Parsing .osm files

Hello,

I am new to Open Street Map, and have enjoyed whatever time spent on it. It might be a repetitive question but could not find any answer to it on the forum.

I need to parse the data of a city say New Delhi, once after parsing I will upload the data in Neo4J which is a graph database, on which later I can perform some computations. I was wondering if already there is an API/code available in Java which will effectively parse the input .osm files.

This is so that I dont re-invent the wheel.

Thanks in advance

Hello, welcome to the forum!

Maybe the toolkit Osmium could help you parsing .osm files: https://wiki.openstreetmap.org/wiki/Osmium
You even could download and parse the file in .pbf format which allows smaller file sizes and can be read faster than .osm format.

Markus

Hello Thanks a lot for the support.

But Osmium is for C++, I needed something in Java as Neo4J currently does not have a library for C++.
Or can you please suggest an alternate way i can do it.

Thanks again

Osmosis?
https://wiki.openstreetmap.org/wiki/Osmosis

I also recommend Osmosis, as I’ve used it in my own Java programs. It’s a mature tool and has support for reading and writing all popular OSM file formats. Don’t let the command line interface irritate you, the same .jar archives can also be used as libraries.

Hello,

Thanks for the suggestion. One more advice needed please…
I sat overnight and wrote a parser myself. For city new Delhi which has:
Number of Ways 26165
Number of Relations 44
Number of Nodes 130003

And on my machine it took 58 minutes to parse.

My Question:

  1. Can this time come down using jar archives in Osmosis , because insertion in the graph database will probably take many more hours to insert. If yes, any suggestions on how should I proceed?

Best Regards,
Jatin

Parsing this file with Osmosis should take less than a minute. I don’t know how long inserting into your database takes, though.

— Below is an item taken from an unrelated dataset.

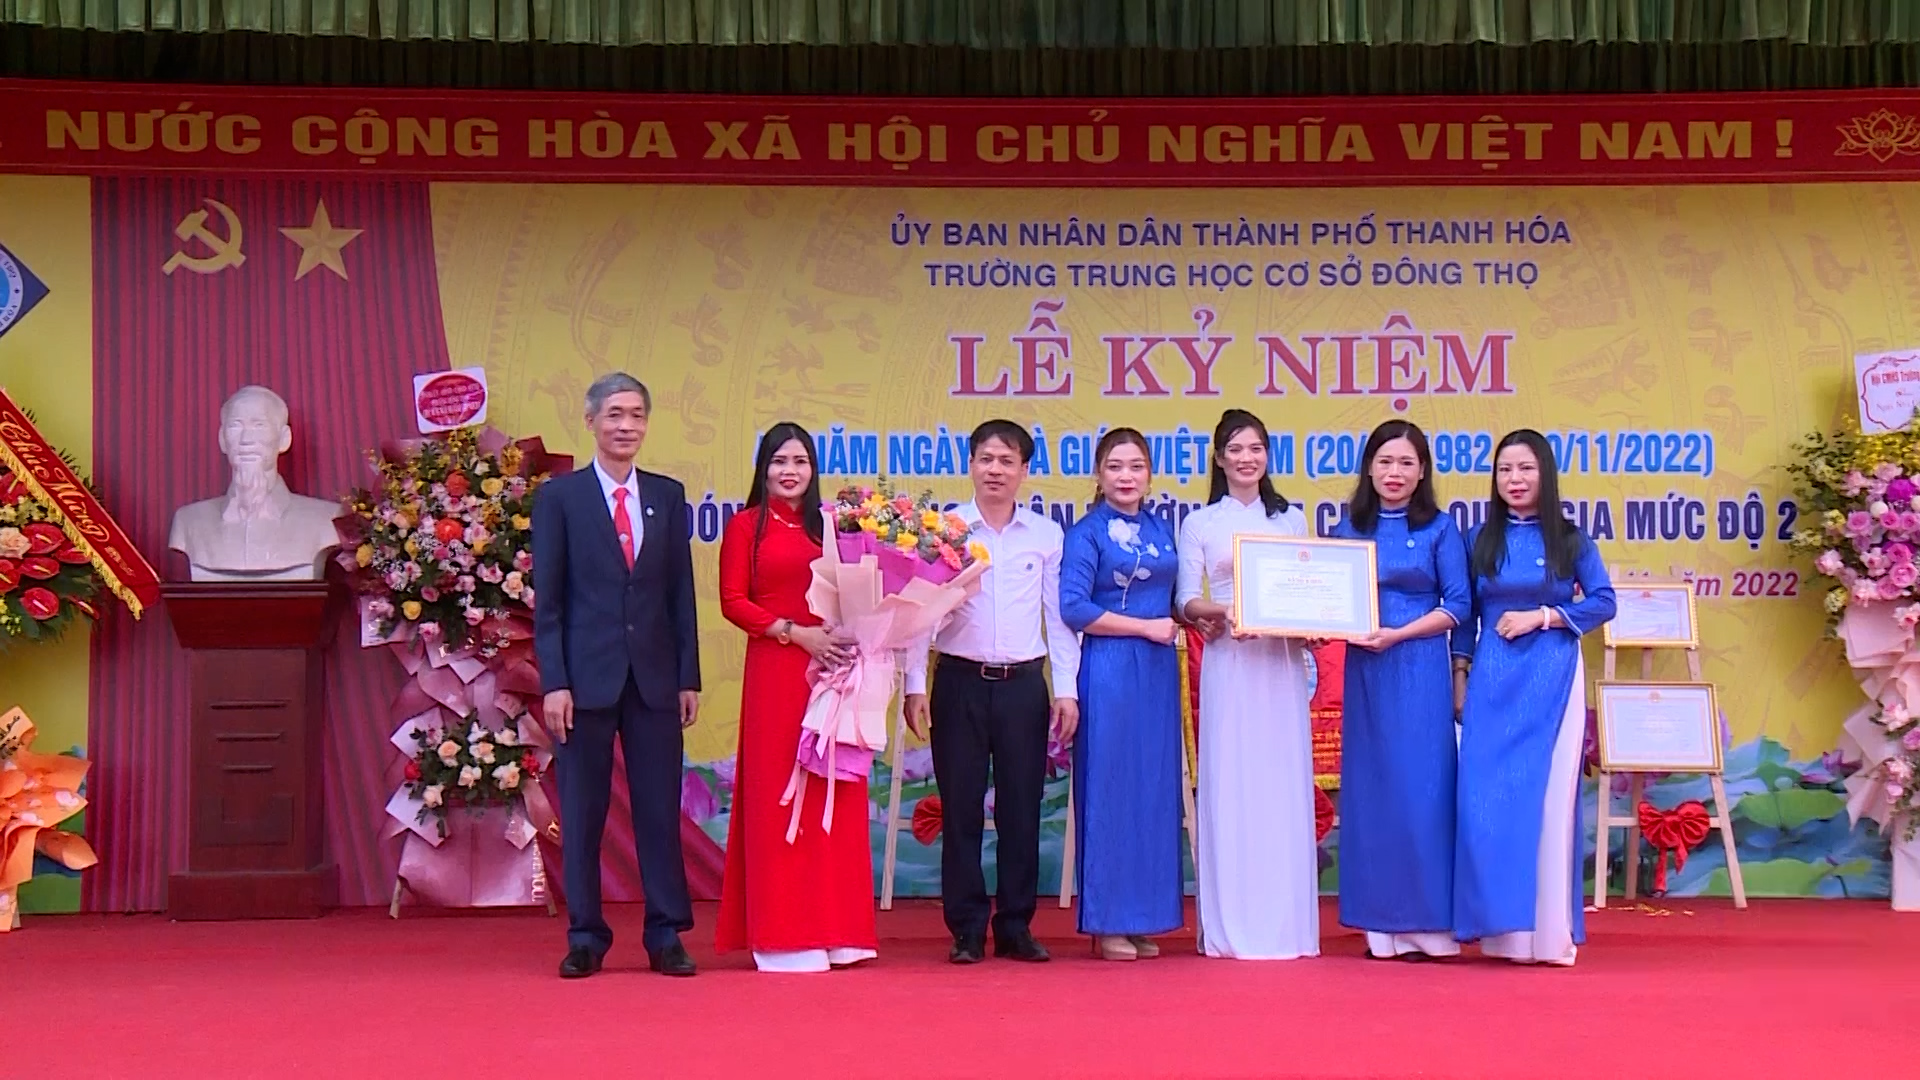 Trường THCS Đông Thọ, thành phố Thanh Hóa đón bằng công nhận đạt chuẩn Quốc gia mức độ 2 - Ảnh 2.

If you want to try Osmosis: Download the latest version, add the jars to your classpath (you don’t need all of them, but I suggest that you first add them all, get it to work, and then remove those that are not actually required). The actual code will then look somewhat like this:


import org.openstreetmap.osmosis.core.container.v0_6.EntityContainer;
import org.openstreetmap.osmosis.core.domain.v0_6.*;
import org.openstreetmap.osmosis.core.task.v0_6.*;
import org.openstreetmap.osmosis.xml.common.CompressionMethod;
import org.openstreetmap.osmosis.xml.v0_6.XmlReader;

...

File file = ...; // the input file

Sink sinkImplementation = new Sink() {
    public void process(EntityContainer entityContainer) {
        Entity entity = entityContainer.getEntity();
        if (entity instanceof Node) {
            //do something with the node
        } else if (entity instanceof Way) {
            //do something with the way
        } else if (entity instanceof Relation) {
            //do something with the relation
        }
    }
    public void release() { }
    public void complete() { }
};

boolean pbf = false;
CompressionMethod compression = CompressionMethod.None;

if (file.getName().endsWith(".pbf")) {
    pbf = true;
} else if (file.getName().endsWith(".gz")) {
    compression = CompressionMethod.GZip;
} else if (file.getName().endsWith(".bz2")) {
    compression = CompressionMethod.BZip2;
}

RunnableSource reader;

if (pbf) {
    reader = new crosby.binary.osmosis.OsmosisReader(
            new FileInputStream(file));
} else {
    reader = new XmlReader(file, false, compression);
}

reader.setSink(sinkImplementation);

Thread readerThread = new Thread(reader);
readerThread.start();

while (readerThread.isAlive()) {
    try {
        readerThread.join();
    } catch (InterruptedException e) {
        /* do nothing */
    }
}

...

This is copied from one of my own tools that use Osmosis, and can also parse .osm.pbf, .osm.gz, and .osm.bz2 files. If you only need .osm (xml) parsing, the code gets a lot shorter.

Thanks,

Well it indeed is very fast. A much better tool

Regards,
Jatin